Article 9 : Il est sursis à la décharge de M. X…, pour sa gestion de l’exercice 2008, de M. Y pour sa gestion de l’exercice 2010 jusqu’au 30 juin et M. Z…, pour sa gestion de l’exercice 2010, à compter du 1er juillet et de l’exercice 2011 ;

Article 10 : M. X…, est déchargé de sa gestion de l’exercice 2009 jusqu’au 31 mars et M. Y…, de sa gestion de l’exercice 2009 du 1er avril au 31 décembre.

Fait et jugé à la chambre régionale des comptes de Provence-Alpes-Côte d’Azur,le vingt-deux mai deux mille quatorze.
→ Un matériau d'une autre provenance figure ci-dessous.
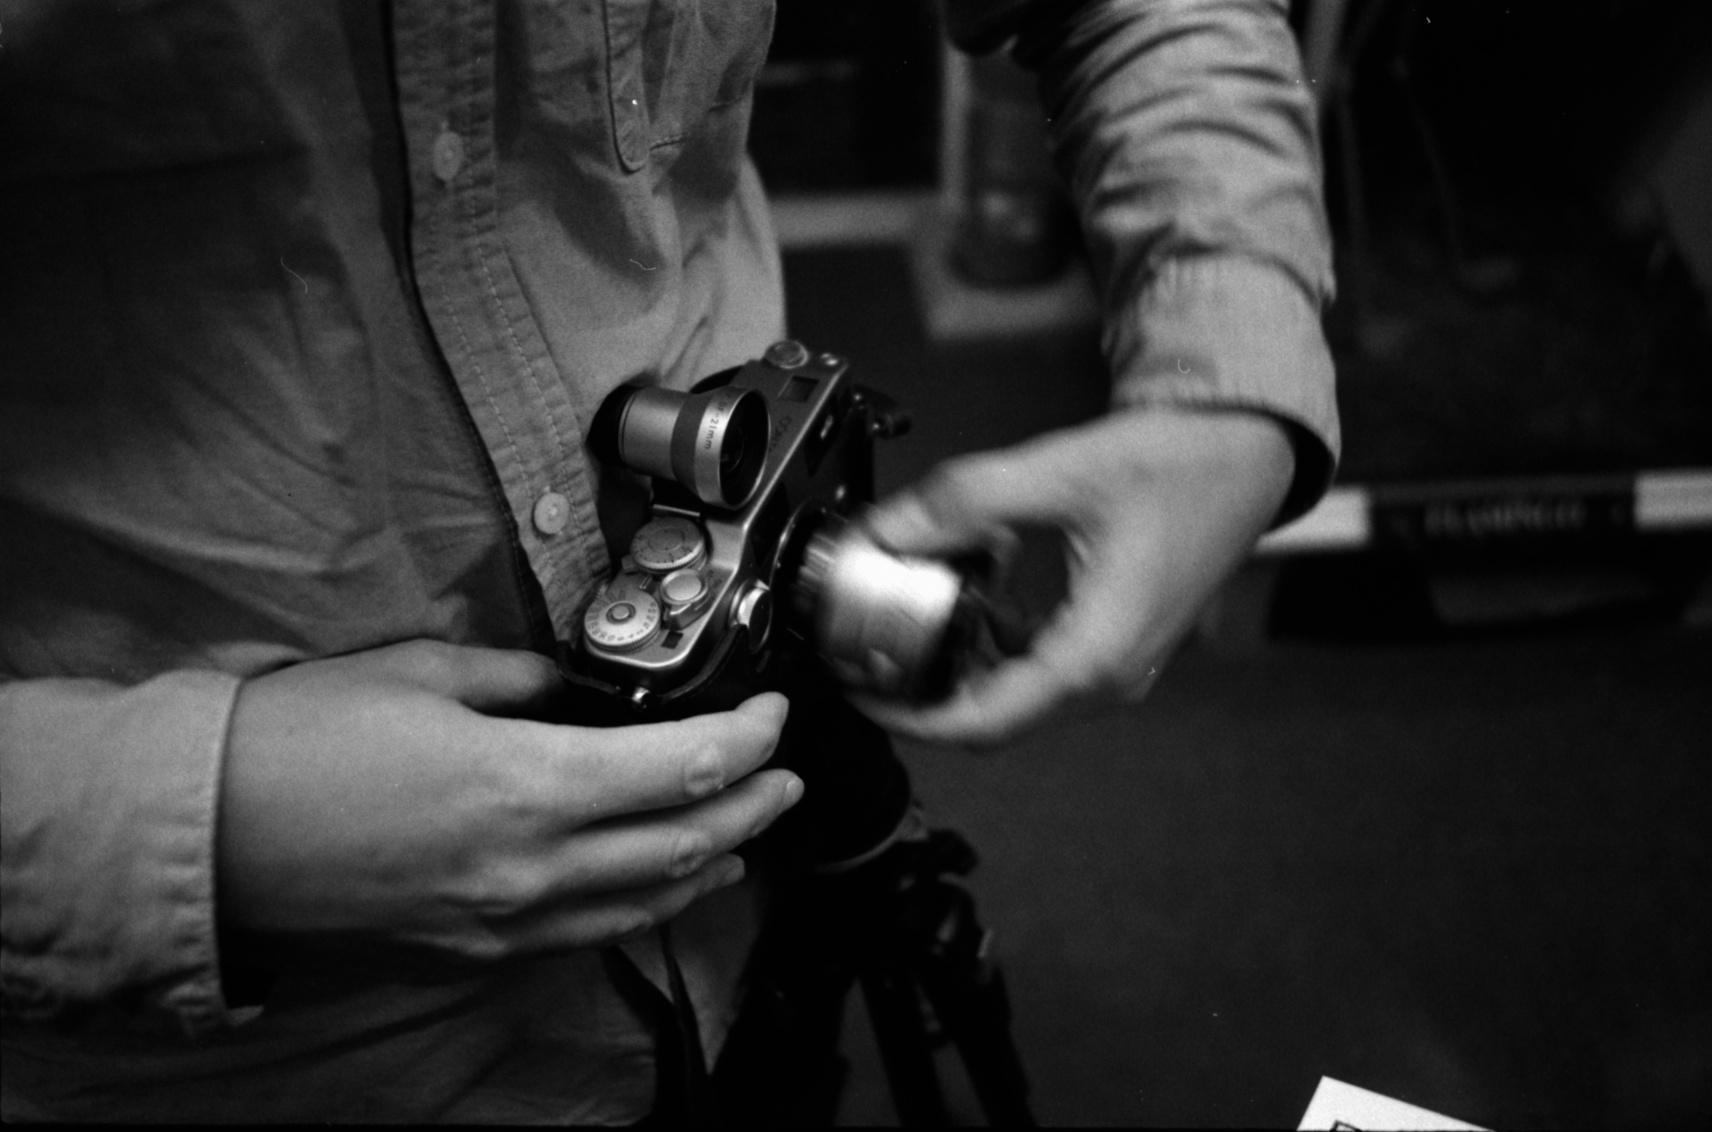 film_2012_05_03_0002.jpg

Présents : M. Louis Vallernaud, président, MM. Bernard Debruyne et Marc Larue, présidents de section, Mme Hélène Motuel-Fabre, présidente de section et M. Renan Mégy, conseiller.

Le greffier,

Bertrand MARQUÈS

Le président,

Louis VALLERNAUD

La République française mande et ordonne à tous huissiers de justice, sur ce requis, de mettre ledit jugement à exécution, aux procureurs généraux et aux procureurs de la République près les tribunaux de grande instance d’y tenir la main, à tous les commandants et officiers de la force publique de prêter main forte lorsqu’ils en seront légalement requis.